**EXERCISE:** Please make sure what you return matches the listing below exactly, minus its pictures.

**SUPPLIED MATERIAL:**
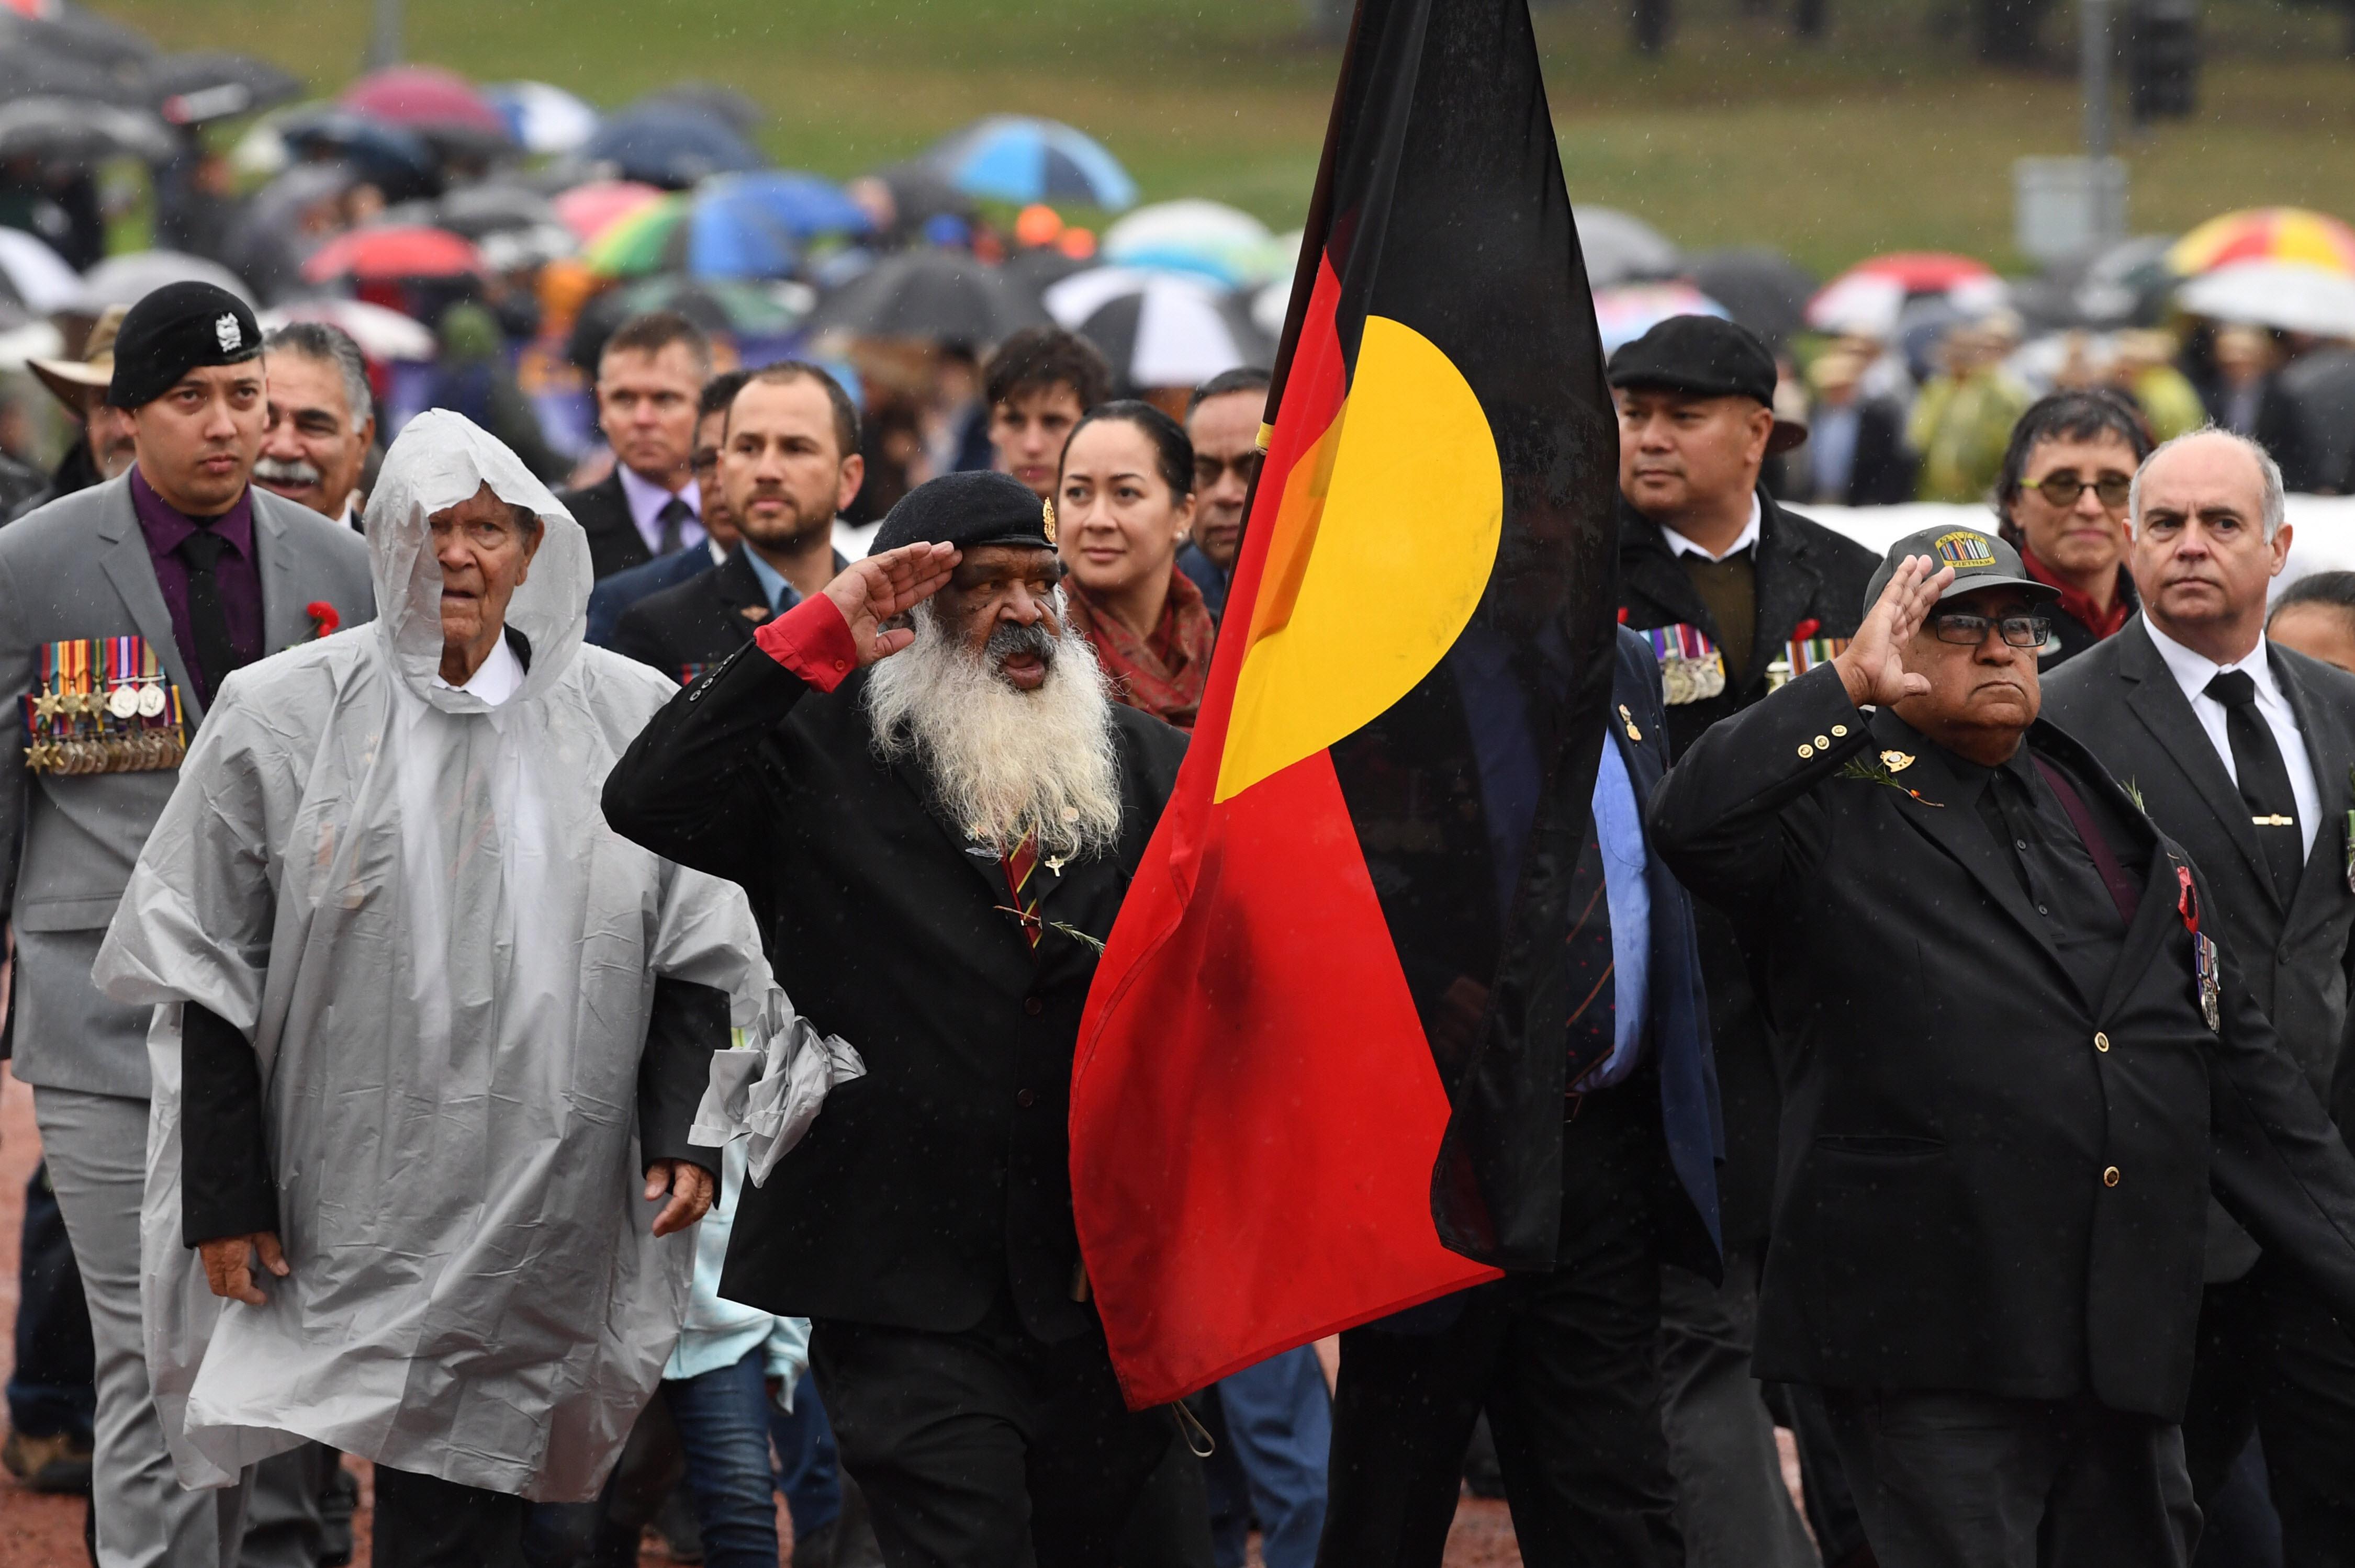 Indigenous soilders lead the ANZAC Day March
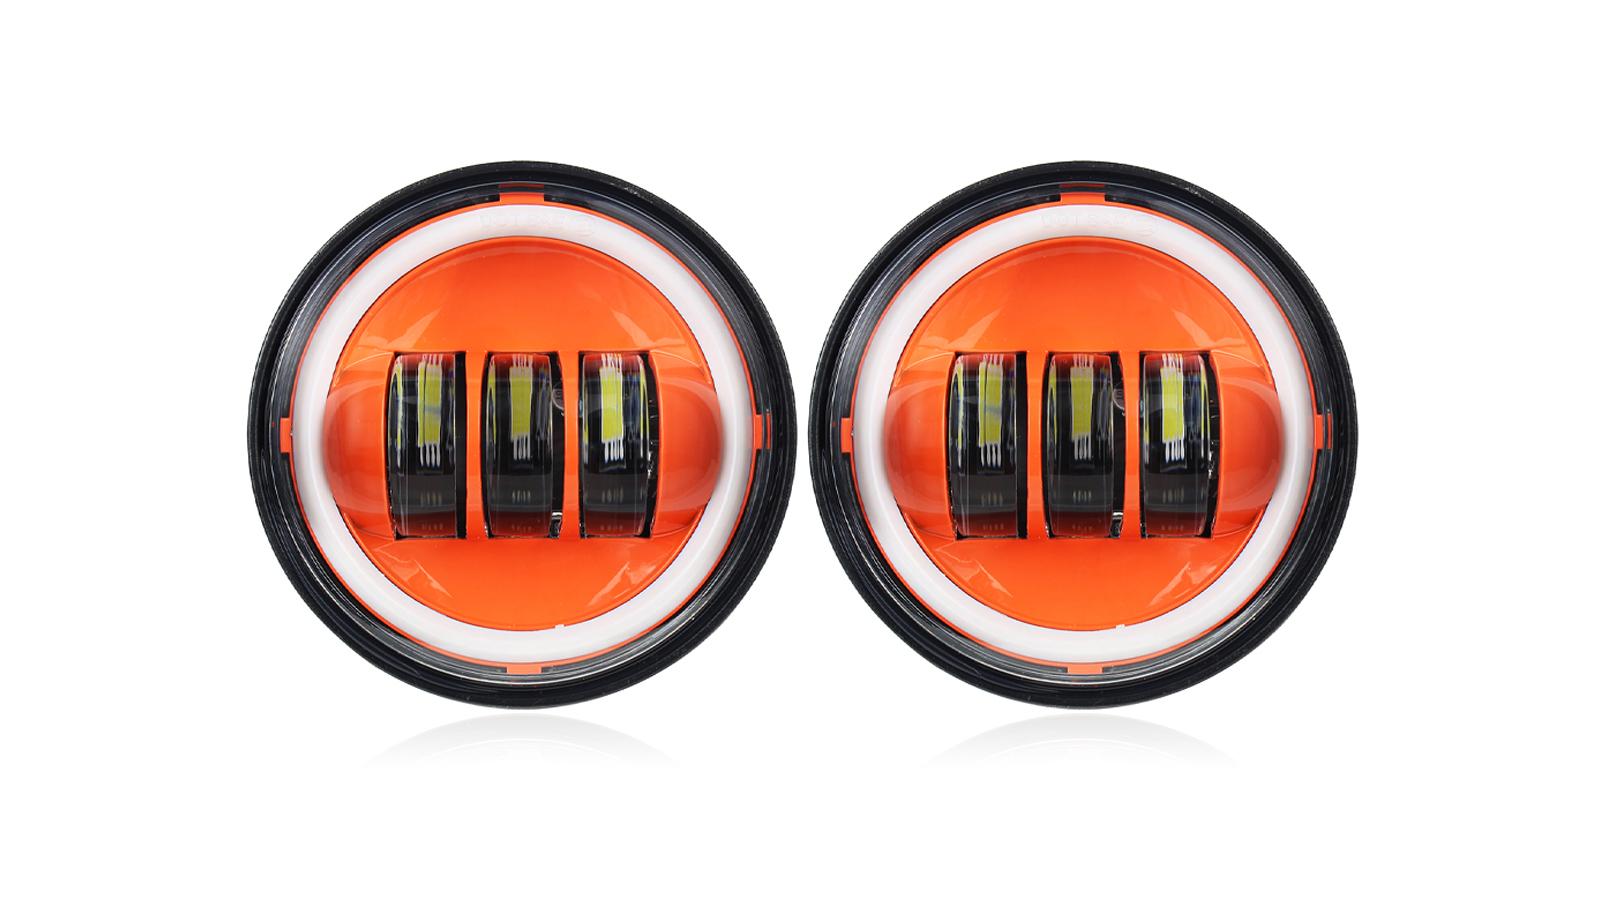 "Orange Halo 4-1 / 2 ""4.5 بوصة أدى ضوء يمر ل هارلي ديفيدسون الضباب مساعد ضوء لمبة العارض بقعة مصباح القيادة"
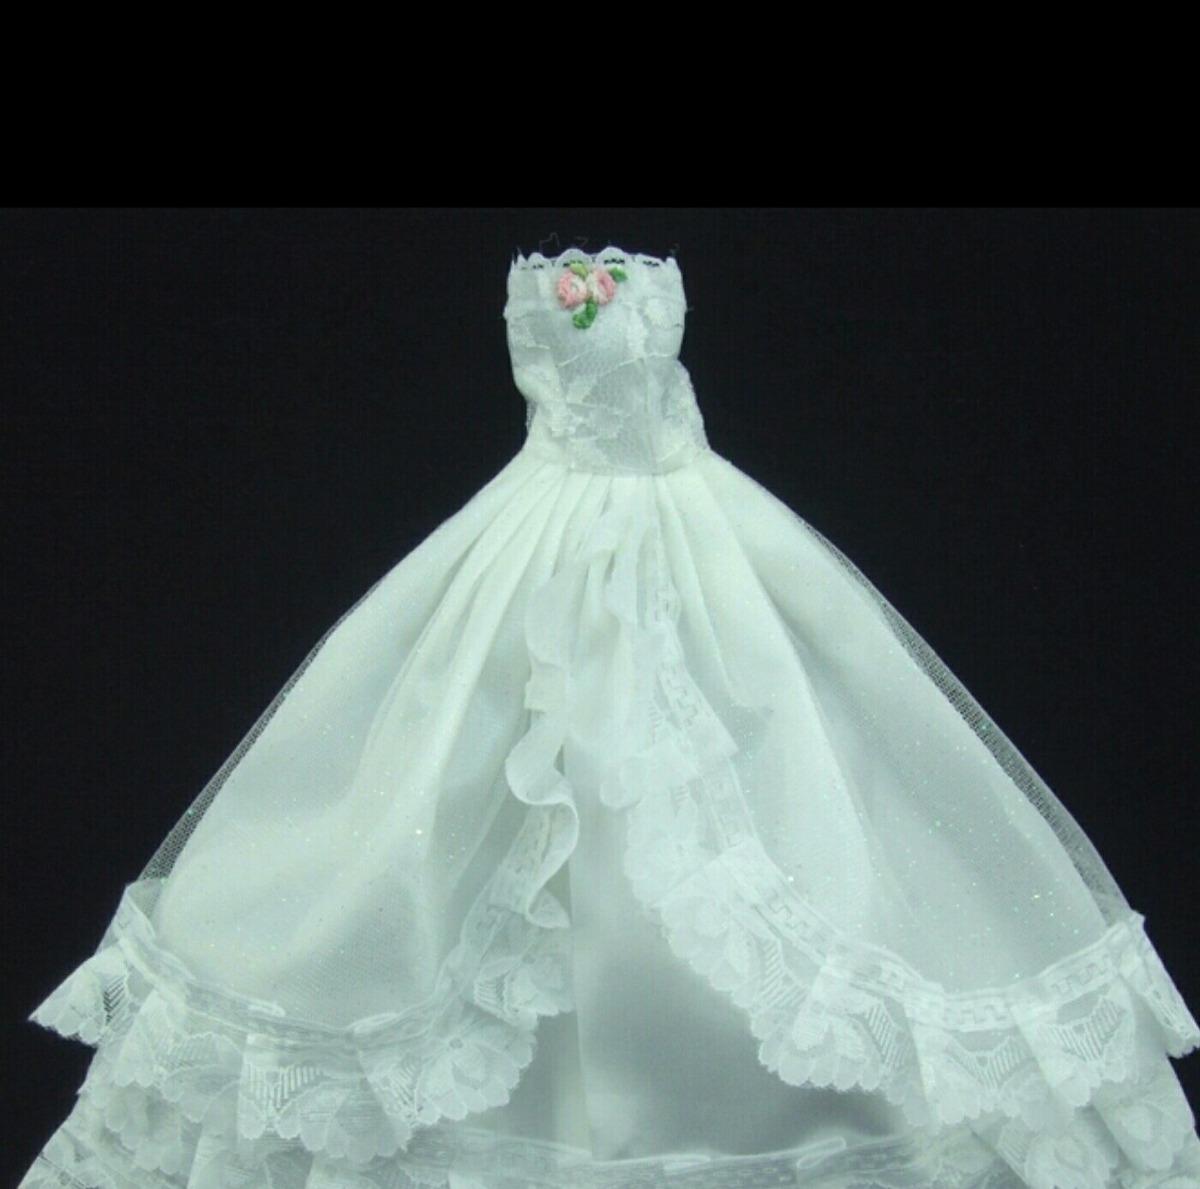 Barbie Vestido De Novia Y Traje De Novio ( Tamaño Barbie) - $ 45.000 ...

**EXPECTED ANSWER:**
 Indigenous soilders lead the ANZAC Day March
 "Orange Halo 4-1 / 2 ""4.5 بوصة أدى ضوء يمر ل هارلي ديفيدسون الضباب مساعد ضوء لمبة العارض بقعة مصباح القيادة"
 Barbie Vestido De Novia Y Traje De Novio ( Tamaño Barbie) - $ 45.000 ...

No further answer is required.